Pax6 controls eye, pancreas and brain morphogenesis. In humans, heterozygous PAX6 mutations cause aniridia and various other congenital eye abnormalities. Most frequent PAX6 missense mutations are located in the paired domain (PD), while very few missense mutations have been identified in the homeodomain (HD). In the present report, we describe a molecular analysis of the human PAX6 R242T missense mutation, which is located in the second helix of the HD. It was identified in a male child with partial aniridia in the left eye, presenting as a pseudo-coloboma. Gel-retardation assays revealed that the mutant HD binds DNA as well as the wild-type HD. In addition, the mutation does not modify the DNA-binding properties of the PD. Cell transfection assays indicated that the steady-state levels of the full length mutant protein are higher than those of the wild-type one. In cotransfection assays a PAX6 responsive promoter is activated to a higher extent by the mutant protein than by the wild-type protein. In vitro limited proteolysis assays indicated that the presence of the mutation reduces the sensitivity to trypsin digestion. Thus, we suggest that the R242T human phenotype could be due to abnormal increase of PAX6 protein, in keeping with the reported sensitivity of the eye phenotype to increased PAX6 dosage.
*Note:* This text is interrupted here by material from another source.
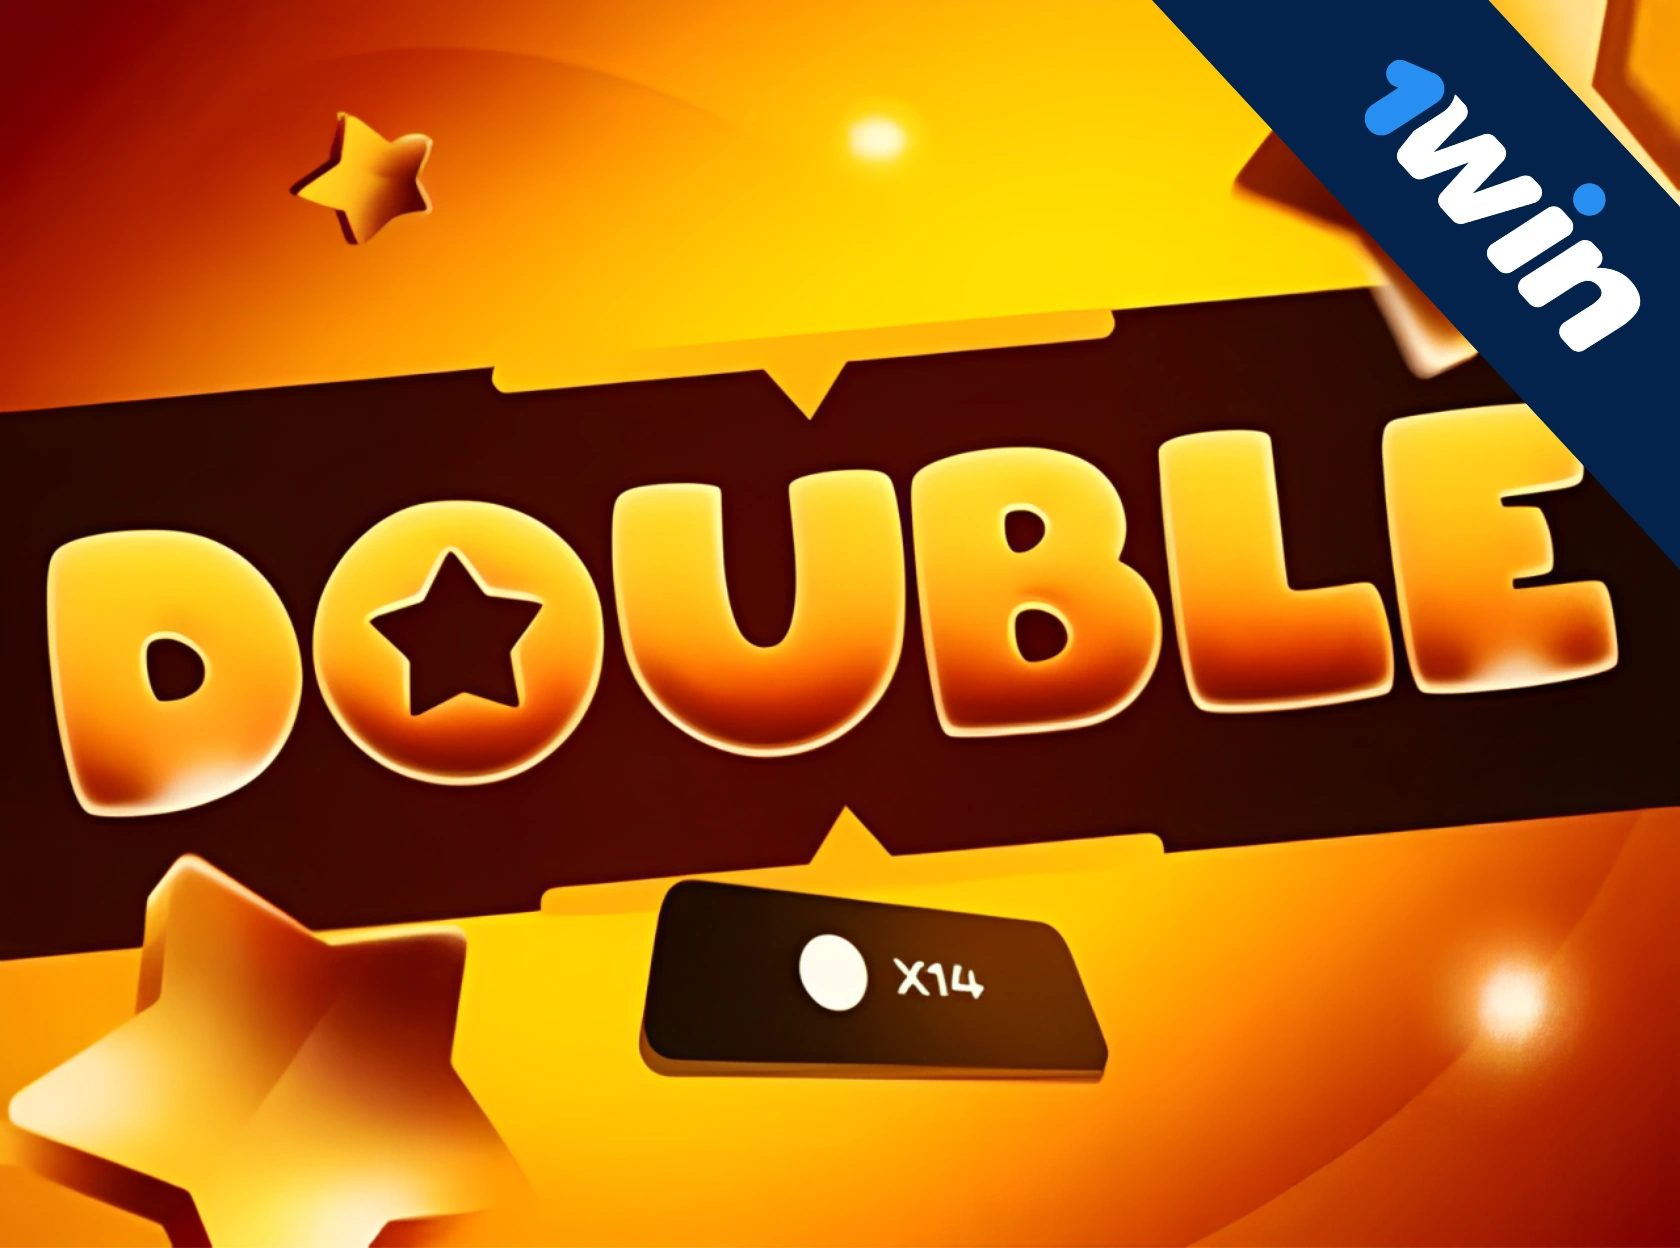 Double 1win - нова ексклюзивна гра!

机译:Pax6控制眼,胰腺和脑的形态发生。在人类中,杂合的PAX6突变会导致虹膜虹膜和其他各种先天性眼部异常。最常见的PAX6错义突变位于配对域(PD)中,而在同源域(HD)中仅发现了很少的错义突变。在本报告中,我们描述了人类PAX6 R242T错义突变的分子分析,该突变位于HD的第二个螺旋中。它在左眼局部无虹膜的男性儿童中鉴定为假性结肠炎。凝胶延迟试验表明,突变型HD与野生型HD都结合DNA。另外,该突变不会改变PD的DNA结合特性。细胞转染分析表明全长突变蛋白的稳态水平高于野生型突变蛋白的稳态水平。在共转染测定中,突变蛋白比野生型蛋白在更高程度上激活了PAX6反应性启动子。体外有限蛋白水解测定表明突变的存在降低了对胰蛋白酶消化的敏感性。因此,我们认为R242T人的表型可能是由于PAX6蛋白异常增加所致,与报道的眼表型对PAX6剂量增加的敏感性保持一致。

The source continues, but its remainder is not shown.